Ernst Bloch

(born 1885 in Ludwigshafen am Rhein – died 1977 in Tübingen)

"The problem of freedom is its ambiguity."*

Ernst Bloch, a Marxist-inspired philosopher, criticised bourgeois society—and hoped for a fairer world. Ernst Bloch grew up in the German Empire as the son of a railway employee in a Palatinate-Jewish family. The Jewish religion did not play a significant role in the Bloch family home. Early on, he was outraged by the contrast between the proletarian environment of his hometown of Ludwigshafen and nearby bourgeois Mannheim. At the time of the First World War, Bloch attracted attention as a committed opponent of the war, resulting in his falling out with former friends and his eventual immigration to Switzerland. In the course of the National Socialists’ seizure of power, he was expatriated and—like fellow thinkers Horkheimer and Adorno— moved to the USA. Here, he became involved in the journalistic struggle against the Nazi regime and wrote his philosophical magnum opus, Das Prinzip Hoffnung (The Principle of Hope).
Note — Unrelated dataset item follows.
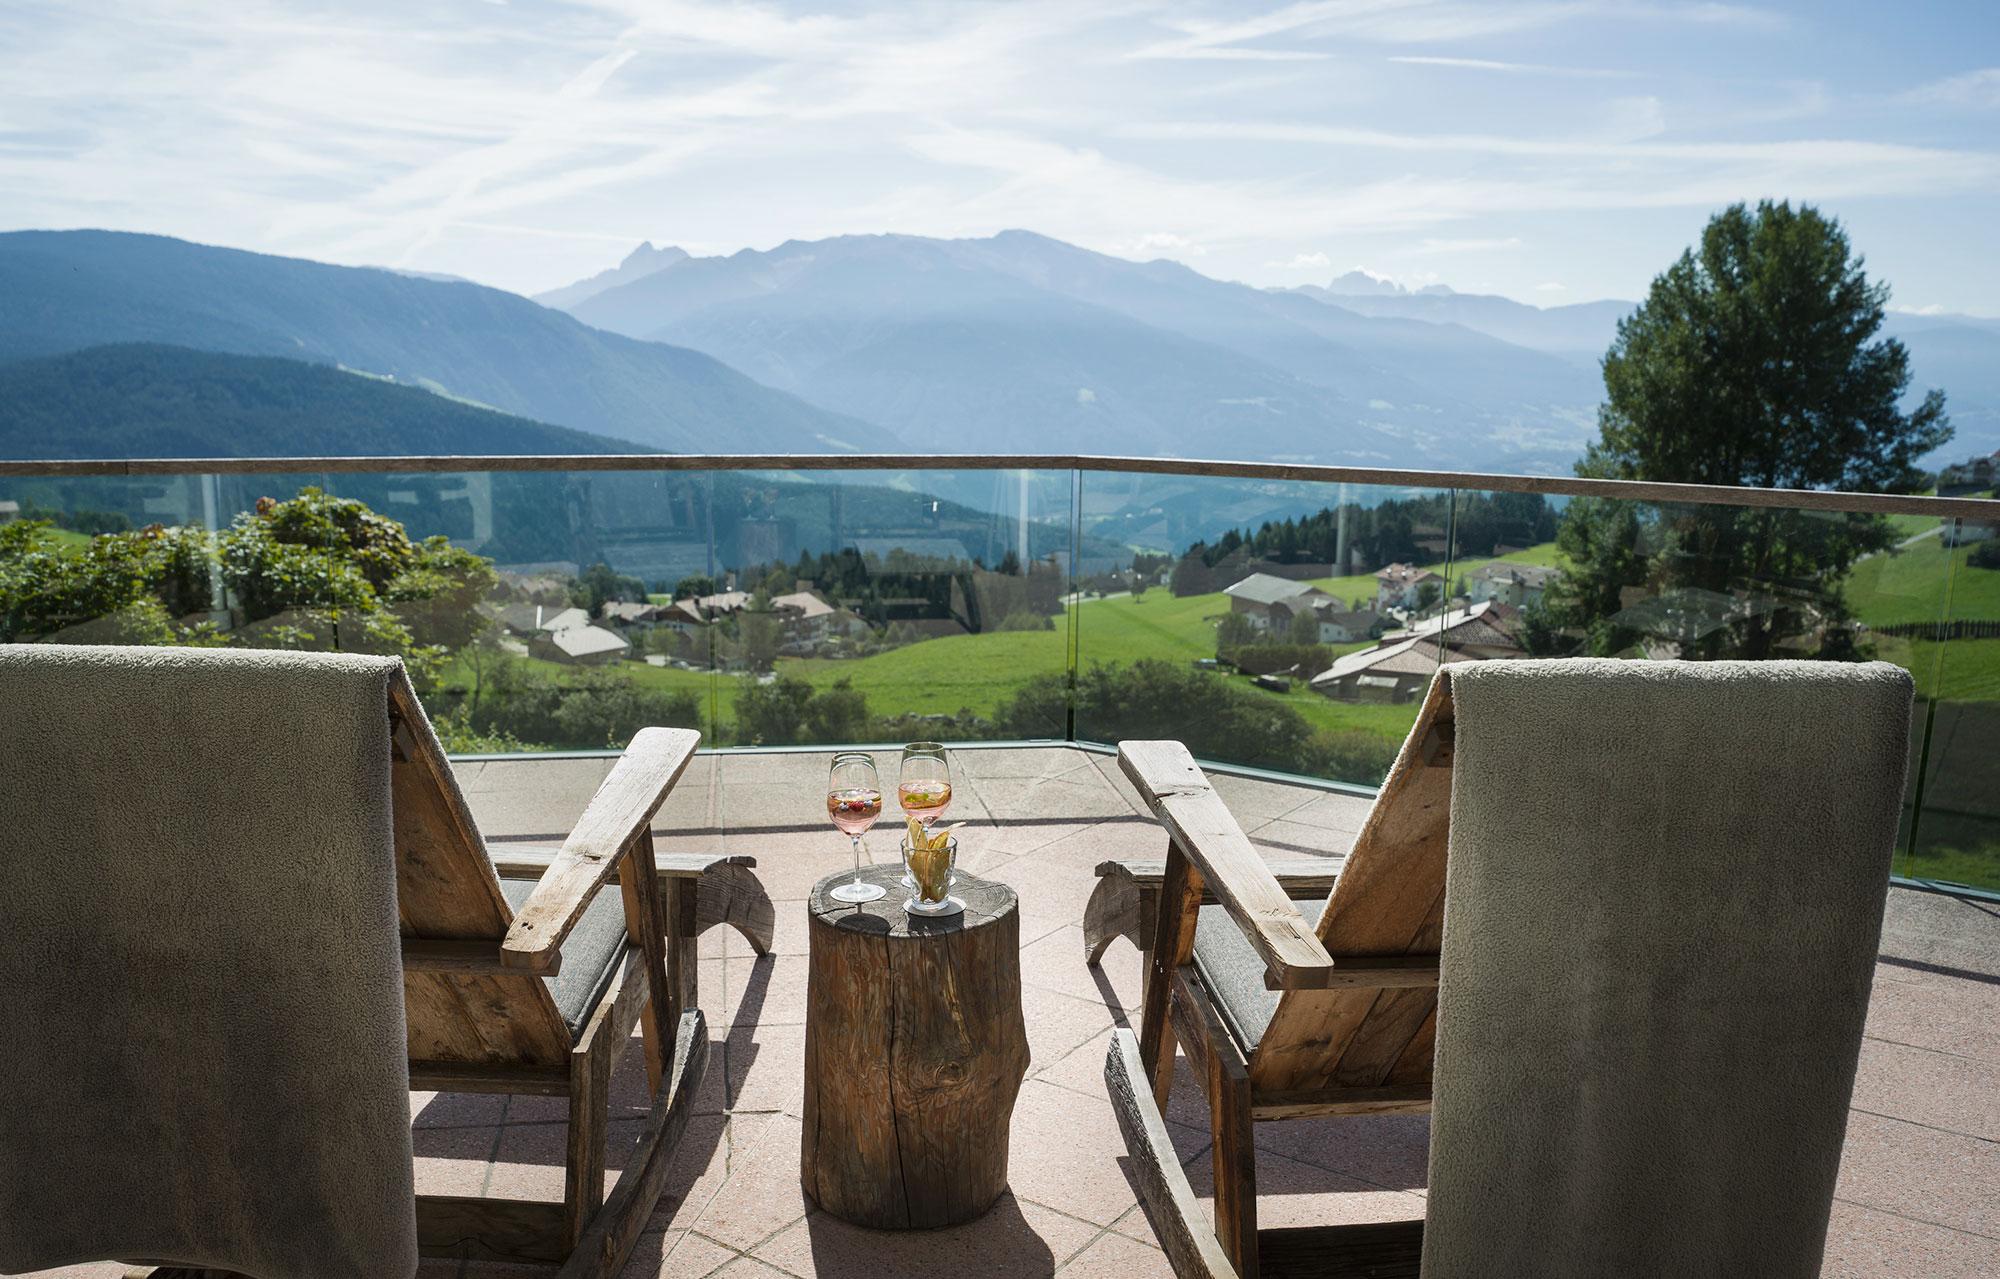 Den sommerlichen Aperitif an lauen Sommerabenden auf dem Balkon genießen

In 1949, he returned to Germany, where he settled in the GDR and took on an apprenticeship in Leipzig. His belief in the emancipatory potential of socialism, however, was to be met with disappointment. Referencing the Hungarian Uprising of 1956, Bloch expressed criticism of Moscow’s actions and the party leadership of the SED (Sozialistische Einheitspartei Deutschlands, Eng.: Socialist Unity Party of Germany). Shortly thereafter, he was forced into retirement. Bloch moved to the West and became committed to a critical examination of National Socialism and against the war in Vietnam. His utopian programme of a liberated society as well as his passionately invoked hope for the “not-yet-become”, intended to provide a directive to people of the present, made Ernst Bloch a key figure in the political youth movement of 1968.

*Bloch, E., Complete Edition, Vol. 5, Das Prinzip Hoffnung (The Principle of Hope), Frankfurt/Main. 1959.